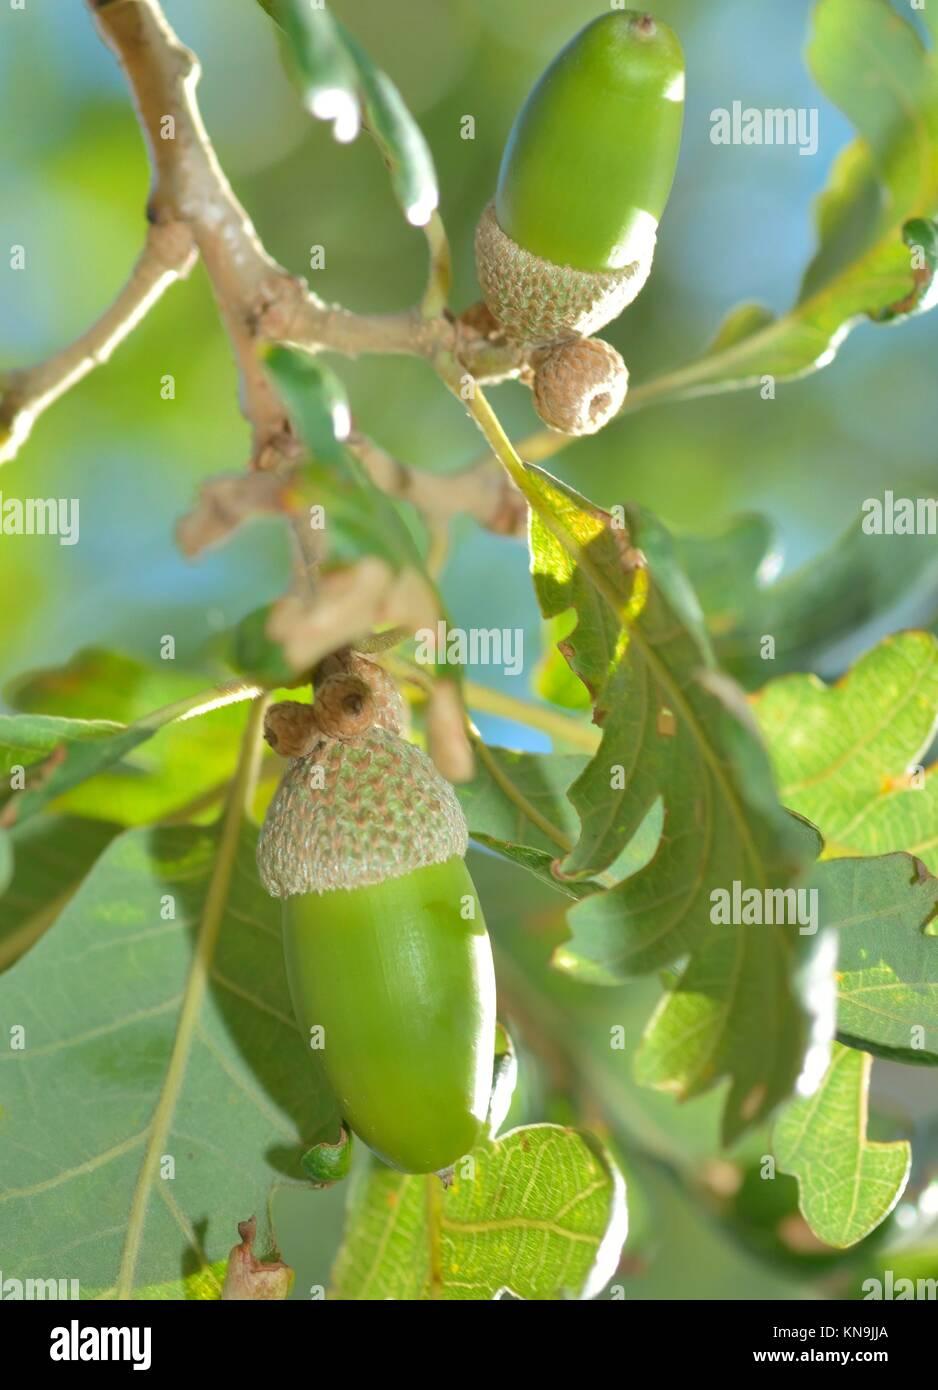 Rama de encina con bellotas verdes. Foto de stock
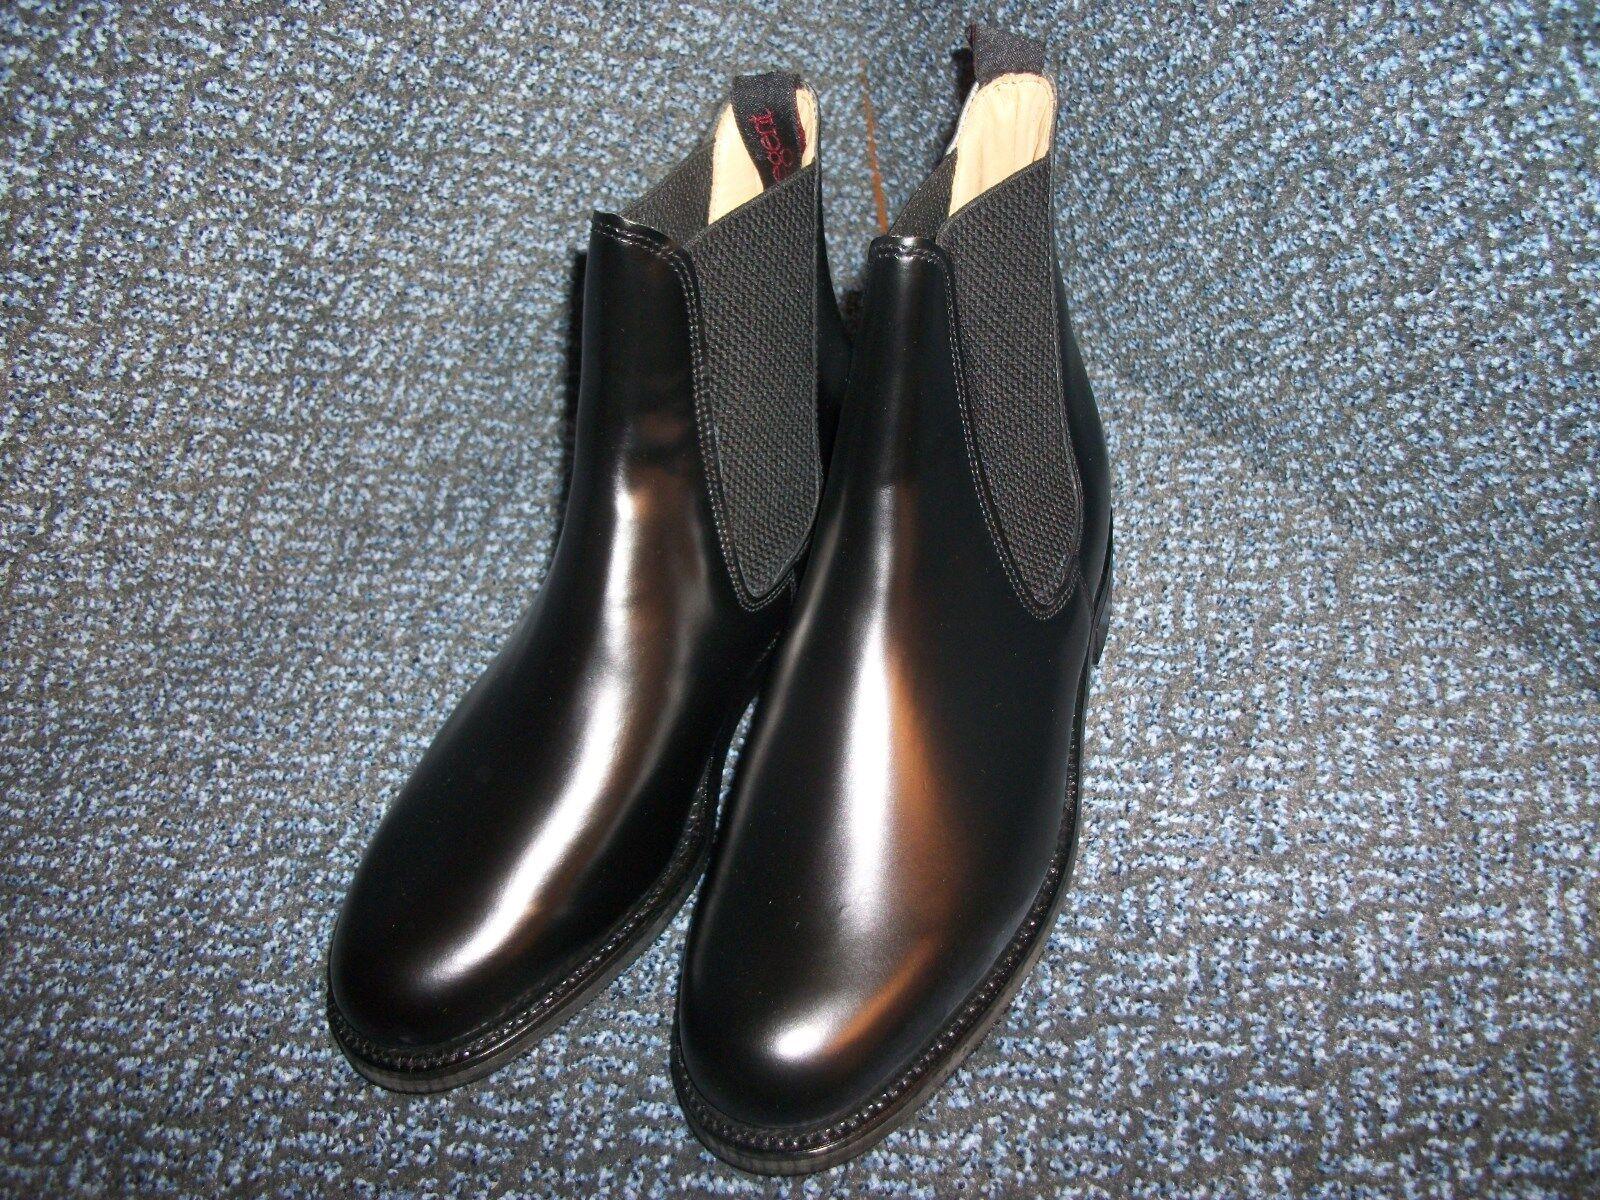 Zapatos especiales con descuento SIZE 3.5 UNISEX CHELSEA/JODPHUR BOOTS
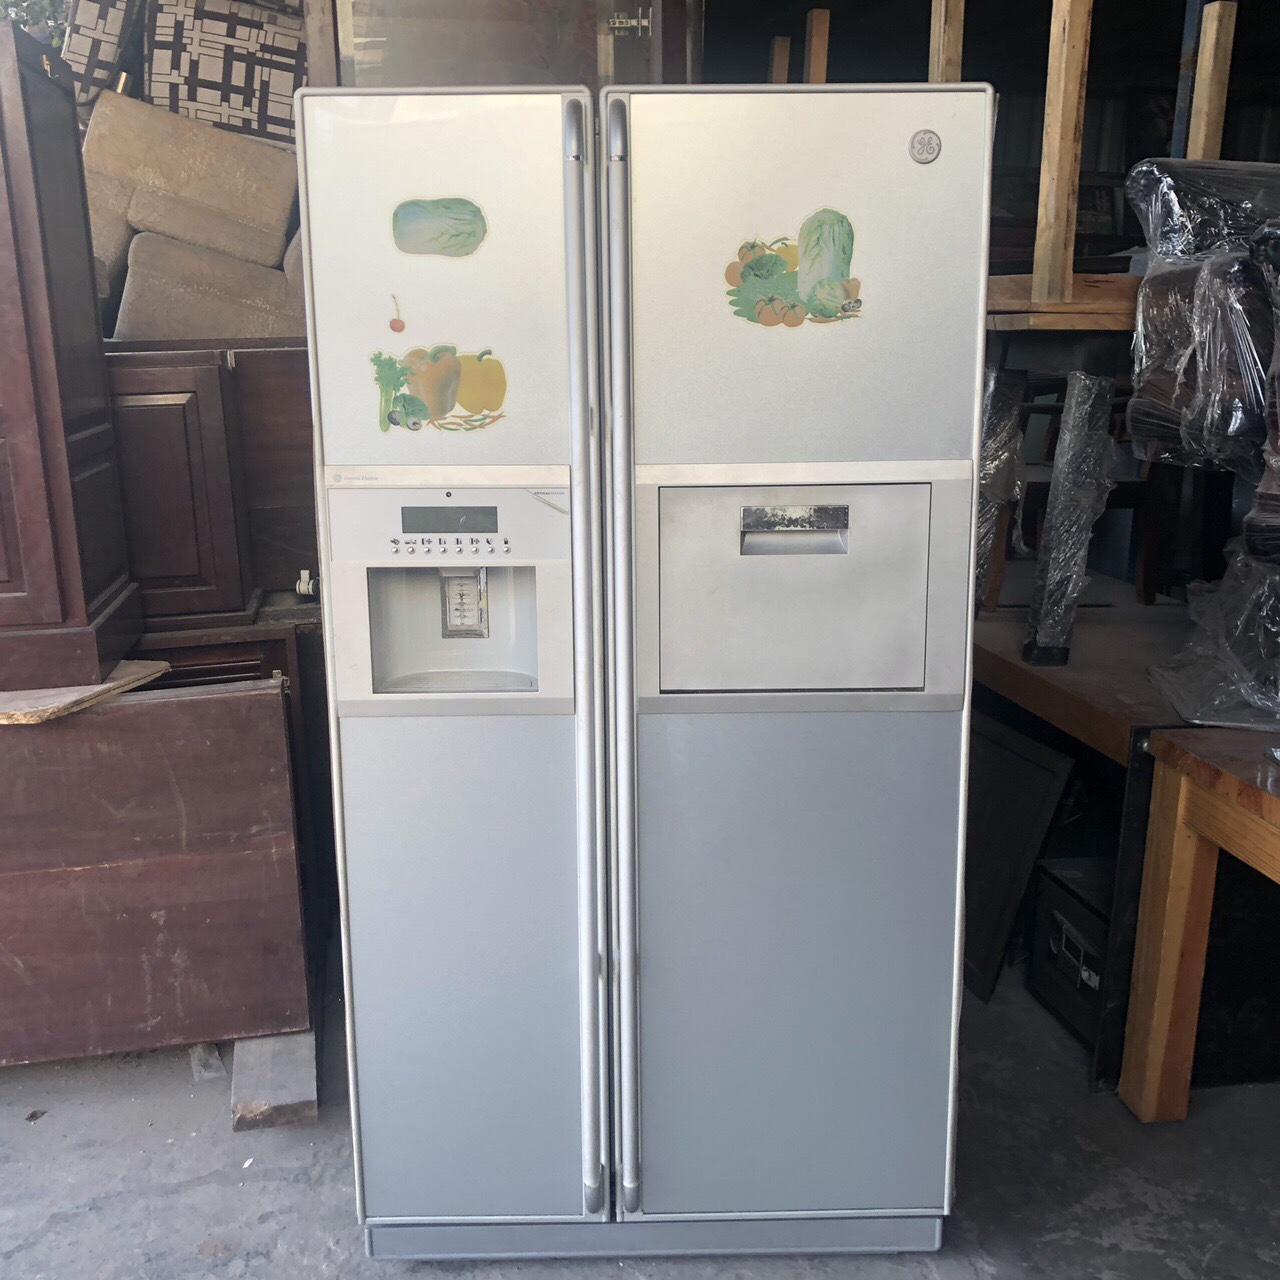 Thanh lý tủ lạnh sharp giá rẻ

--

Problem to solve: No pictures, please. Output the listing above exactly as it stands.

Result of the exercise:
 Rama de encina con bellotas verdes. Foto de stock
 Zapatos especiales con descuento SIZE 3.5 UNISEX CHELSEA/JODPHUR BOOTS
 Thanh lý tủ lạnh sharp giá rẻ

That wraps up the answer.